A fine line

Every morning, during my private reading time, if there’s something that I think might be of interest to others, I’ll share it to my Twitter account.  Then, as I’ve written before, a bunch of things happen to it so that I don’t lose it.

At the same time, at 5am, I have my daily blog post made available and a Twitter message is sent out to that effect.  Anyone who cares is invited to click and read it if they wish.  If they don’t, it’s just another in a long line of messages that goes flying by. 

Periodically, I get comments about my morning habits – I like to call it my private learning moments – that I set aside for myself before the dog realizes that the sun has risen and it’s time to explore the neighbourhood yet again. 
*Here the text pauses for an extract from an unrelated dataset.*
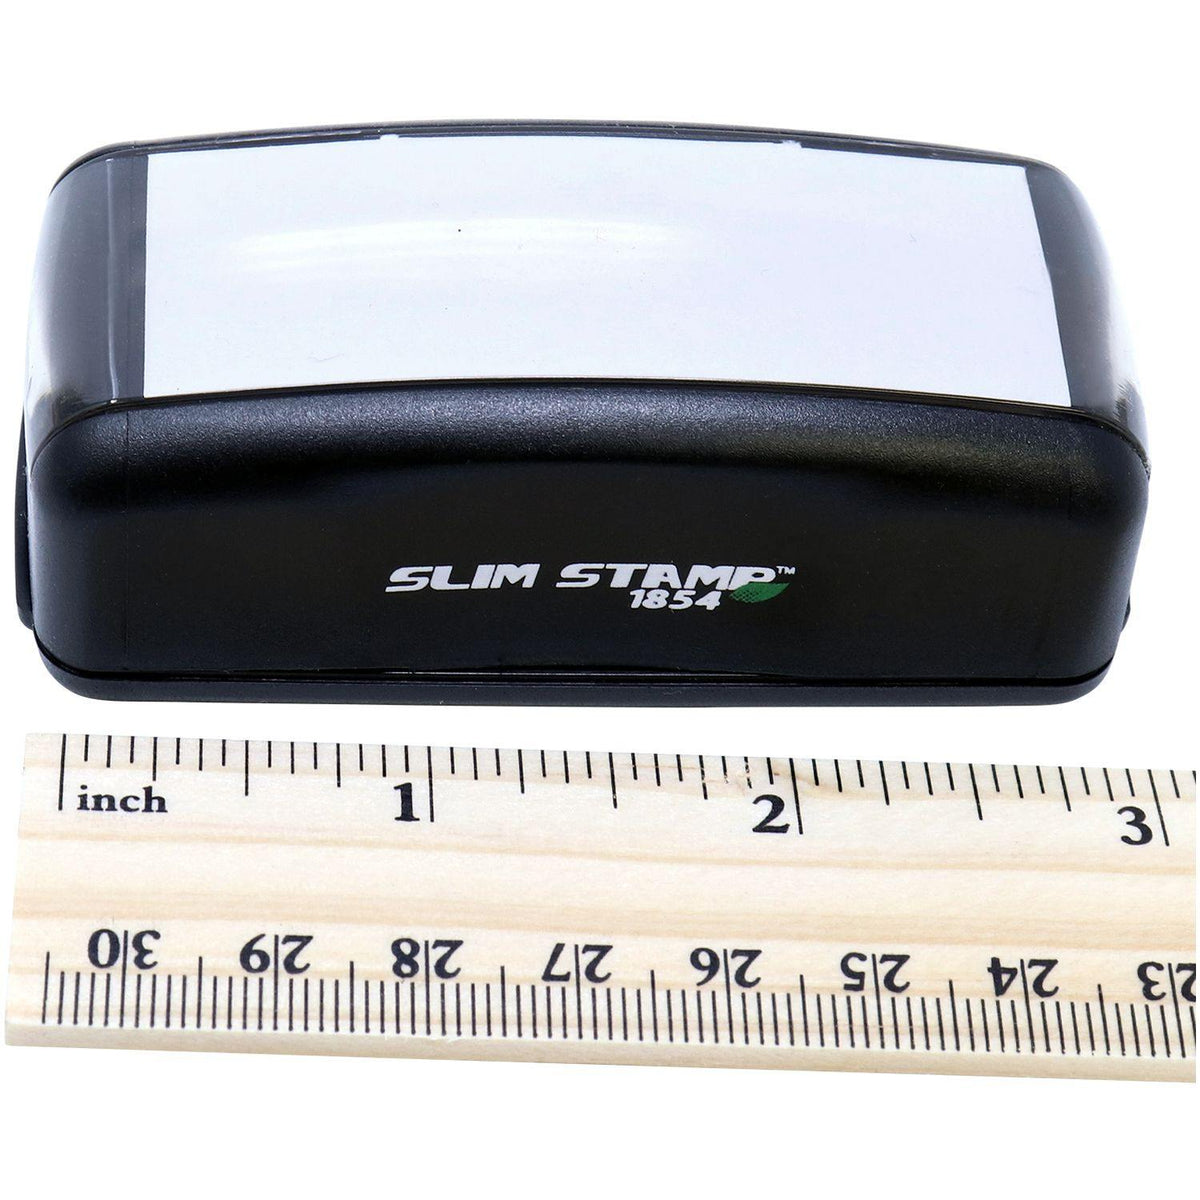 Measurement Large Pre Inked Due Date Stamp with Ruler

Yesterday morning was like any other morning.  Reading and learning and sharing with others.  Every now and again, someone who happens to be up at that hour will retweet the message because they like the concept or dislike it and share their reasons why.  I think it’s just the contemporary educational thing to do. 

As it happens, one of the messages was retweeted with a comment.  It was interesting that anyone could take issue with our Prime Minister so I stopped to view the account and what they were talking about.  In fact, they had shared the story and that was a good thing.  What wasn’t so good was the fact that there was another URL in the message.  It turns out that it was a link to an adult website.  Ooooh.  That’s not nice.

From there, I went to check out this account.  It wasn’t just me that was getting the special treatment.  Every message from the account was a retweet of a message that someone else had shared – there didn’t appear to be any reason other than they were all done within minutes of each other – and they all had that extra link added to the message.  The word “spamming” came to mind.  Then “phishing”, then “slimey”, then “scummy”, and then a few others that I won’t share.

You don’t have much recourse except to use the tools that Twitter provides so I muted the account, blocked the account, and then reported the account as one that’s posting spam.

As I write this post this morning, I checked and my account still has it blocked.  I took a peek and the account is still sending out messages.  There are all kinds (I can’t be bothered counting) that were all sent at the same time so I suspect that someone has written a script to do the deed for them.

I often wonder what people think about my posting habits.  While this particular account is trying to sell a service or advertising or whatever, they’re using the Twitter service.  Since the account hasn’t been deleted, I can only assume that its actions are deemed to be operating within the Twitter rules.  My account sells as well.  i like to think that I’m selling ideas and inspiration. 

When you have two takes on essentially the same thing, it begs the question, what’s the line between the two of them?  Maybe it’s my background, but I clearly (in my mind) can see the difference between the two.  Am I wrong though?  Maybe I’m just over thinking this.

Every now and again, you will see that an account has been suspended for violations of the rules.  For all our safety, you’ve got to agree that’s a good thing. 

It does beg the question though – just where is that line?  I guess I’m glad that I don’t have to draw it for the bigger community but with “block” and “mute”, I can do it for my little part of the world.

2 thoughts on “A fine line

  1. Doug, it’s funny you mention this, as I also blocked and reported an account yesterday that did the same thing to your message. It could have been the same account. I’m not sure. Regardless, when I saw that linked added, I was sure that the account would eventually be deleted. Isn’t it spam? Isn’t Twitter against spreading spam? I guess I’m wondering: what are the rules? If it’s not against the rules, then why can we report an account of spreading spam? I feel as though I’m missing something here. I’m curious to hear what others think.